Wooden porch figures, pistachio jello salad, marshmallow fluff, tuna noodle casserole. . . I've tried.

I do not believe in the Boys Scouts of America—at all. I don't think it should be part of the church program (unless and until there's an equal organization for young women), and I definitely don't think the church organization should be used as a fundraising organism for this private organization. I'm actually appalled that people visit my house, in their capacity as church workers, to ask for money for the Boys Scouts. I fail to see the connection between an Eagle Scout and the driver's license. I do not believe that not having food storage will prevent me from entering heaven. It will help us when and if Kevin and I both lose our jobs at the same time and the dainty supply of Italian parsley, tomatoes, cilantro and basil from the pot plants (bruschetta anyone?) has run out, and we need another source of food with no cash to pay for it. But I don't know about getting into heaven because of barrels of wheat and powdered milk. (I still might be horribly surprised when I find out that's one of the questions.)

I question why white has become the only color in which one may attend church and participate in the sacrament, and why it is that sister missionaries need to look like nuns. Twenty years later, I still miss sleeveless shirts and strapless dresses. I don't think bikinis are immodest, and think every women, of any shape should feel free to wear one. Most Saturday evenings I sigh, thinking of the next morning. I would like to be cremated and spread over my flower gardens, while the Dixie Chicks sing "I wanna touch the earth, I wanna break it in my hands, I wanna grow something wild and unruly," followed by Queen, "I was born to love you." I couldn't think of greater tombstone than a big old maple growing up through me. . . . All these things are under my couch.

Yet, my sleeves have sleeves, Christian wears white to bless the Sacrament, I buy at the Macey's case lot sale; the first son got his Arrow of Light, the others play soccer, baseball and basketball on Wednesday evenings. I wish I could sing in the choir, but can't read music and can't sing high enough to just sing soprano, and Kevin's gone every Sunday anyway. But I schlep these other things with me. I sense, as Helen did in Howard's End, when she spoke of her inability to form a lasting relationship with a man, "There's something wanting in me. . . . some awful, appalling, criminal defect?"

I've paid lip service in previous posts to the idea that we are all God's creatures; we're all part of the menagerie that makes up his animal kingdom. When I tell that story, in my mind, unarticulated but assumed, is the notion that I am the horse, or the zebra, or the sable antelope. I'm never the warthog, or the anteater or the chameleon. There are times though when I come face to face with the opposite "colour" and I retreat. Last Sunday, by the end of Sunday School, I was quivering, feeling "fight or flight" rising inside me, my little warthog tusks shaking. The initial impulse is to run. Wanted to howl with Bono, "I wanna run." Mostly just run to a space that feels comfortable, where I don't feel out of sorts, where I am enough, where there is space for my cripple-crabbed response to the divine question.
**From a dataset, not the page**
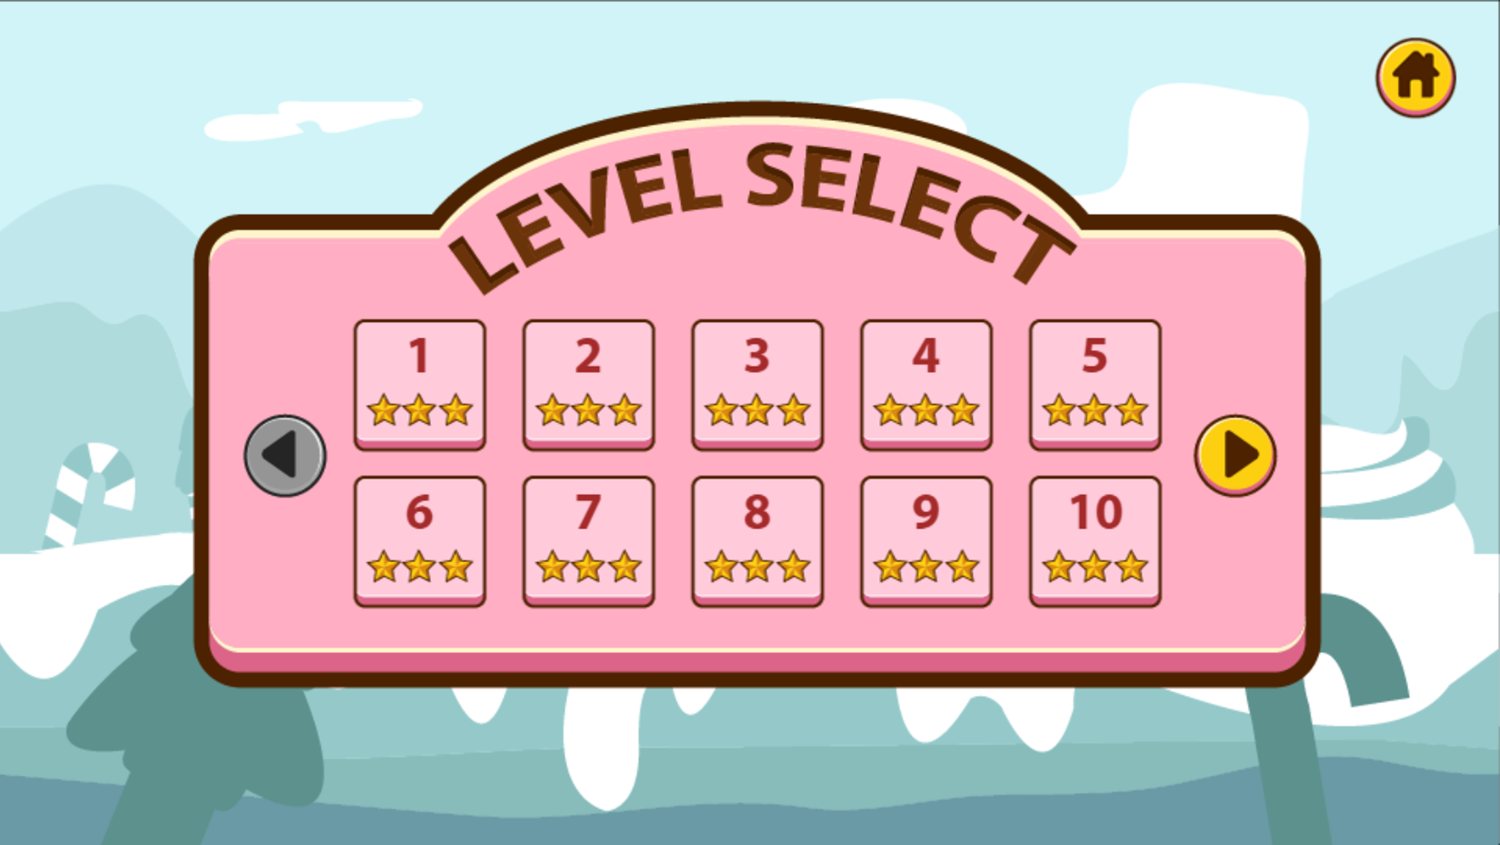 My Sweet Adventure Game Level Select Screen Screenshot.

Mostly I want to flee when I come up against a person who knows, with certainty, just exactly what the answers are, and just exactly how life should be lived. The question in Sunday School last week was, "Well, wouldn't you want to avoid all the pain and suffering associated with sin?" Offered, rhetorically, as if the only appropriate answer was, "Yes, of course (idiot)." My response, unexpressed, felt like the wrong response. Like the offering a warthog would bring to the animal banquet—a decaying log loaded with woodworms, fitting to her but appalling to everyone else.
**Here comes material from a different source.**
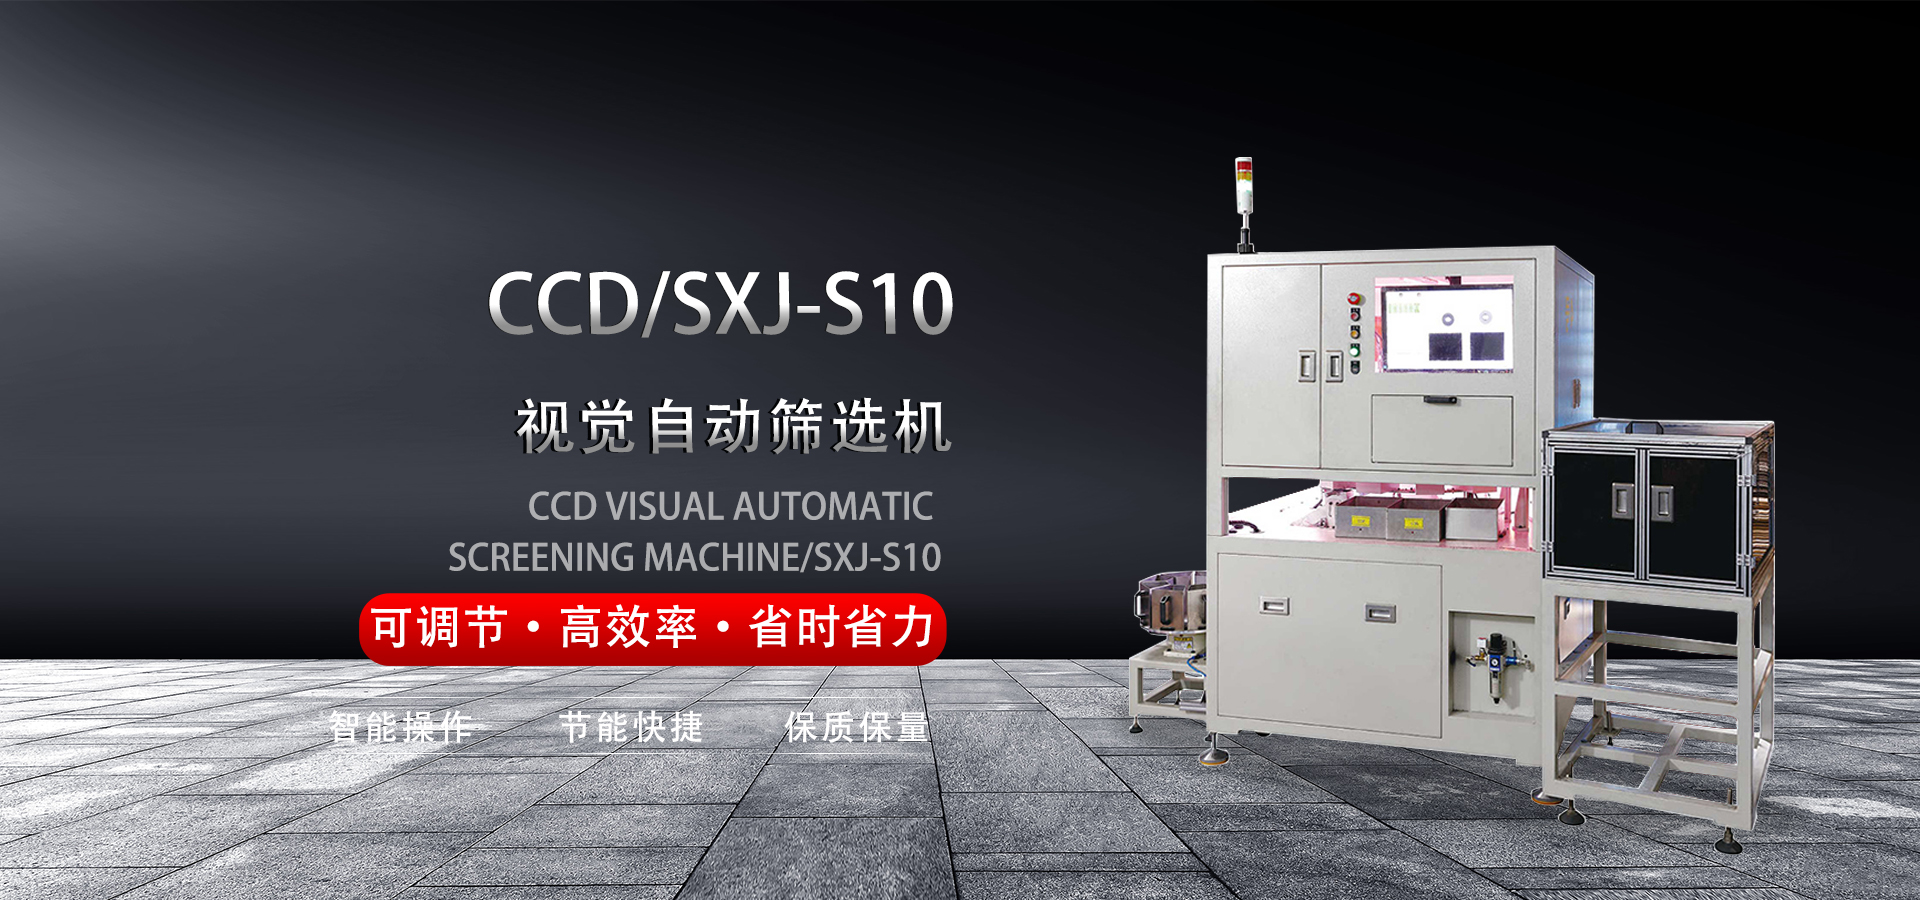 CCD視覺自動篩選機/SXJ-S10

The thing is I just don't know so definitely. Sometimes the only way to know is through, through whatever it is that haunts you, follows you, dogs you. And in the getting through, there is bound to be sorrow, pain, and then knowledge. My favorite article of faith, the one I hang on to, is the ninth: That God has revealed, that He does now reveal, and that He will yet reveal. Things will change. One of my favorite prayers is "Lord, I believe. Help thou my unbelief." It is a frequent plea. Ideas of which I was so certain, confident, sort of like the shocked "my child will never bite anybody" you utter when the childless you watches a nephew bite down for the first time, are waning. The things I do know I gather, in a smallish basket—stones that shine with a brighter, distilled light: that God knows me, and sends people, ideas, books, music, animals, young children, skies, mountains, water and wind to help me. That I can be sent to help others. That life is most meaningful when I help, when I am part of a community. That God still speaks. That I may try again, if and when I feel so inclined, hopefully sooner than later, but never too late. That at the center there is light and truth which is accessible to us all, and which will embrace and heal.

Some tell stories of their spiritual experiences with a beginning and an end. It's neater that way. Makes things more certain—definite beginning, definite ending, definite meaning. Somehow, I always find myself in the middle, always reshaping, always having to give up and to rethink, constantly paring away at the story I thought I found myself in. If I wrote a journal, the narrative would not actually be narratives at all; rather, personal essays, short, lyrical pieces of experience/emotion/fact/observation surrounded by attempts to make sense of the moment. Less absolute, less certain of universalities. More filled with moments of light that apply only to me, my personal brush with grace and revelation. Instead of the novel I supposed I would be able to draft of the things of which I were certain at the end of my life, I think I might be reduced to a haiku—just seventeen syllables but worth every sound.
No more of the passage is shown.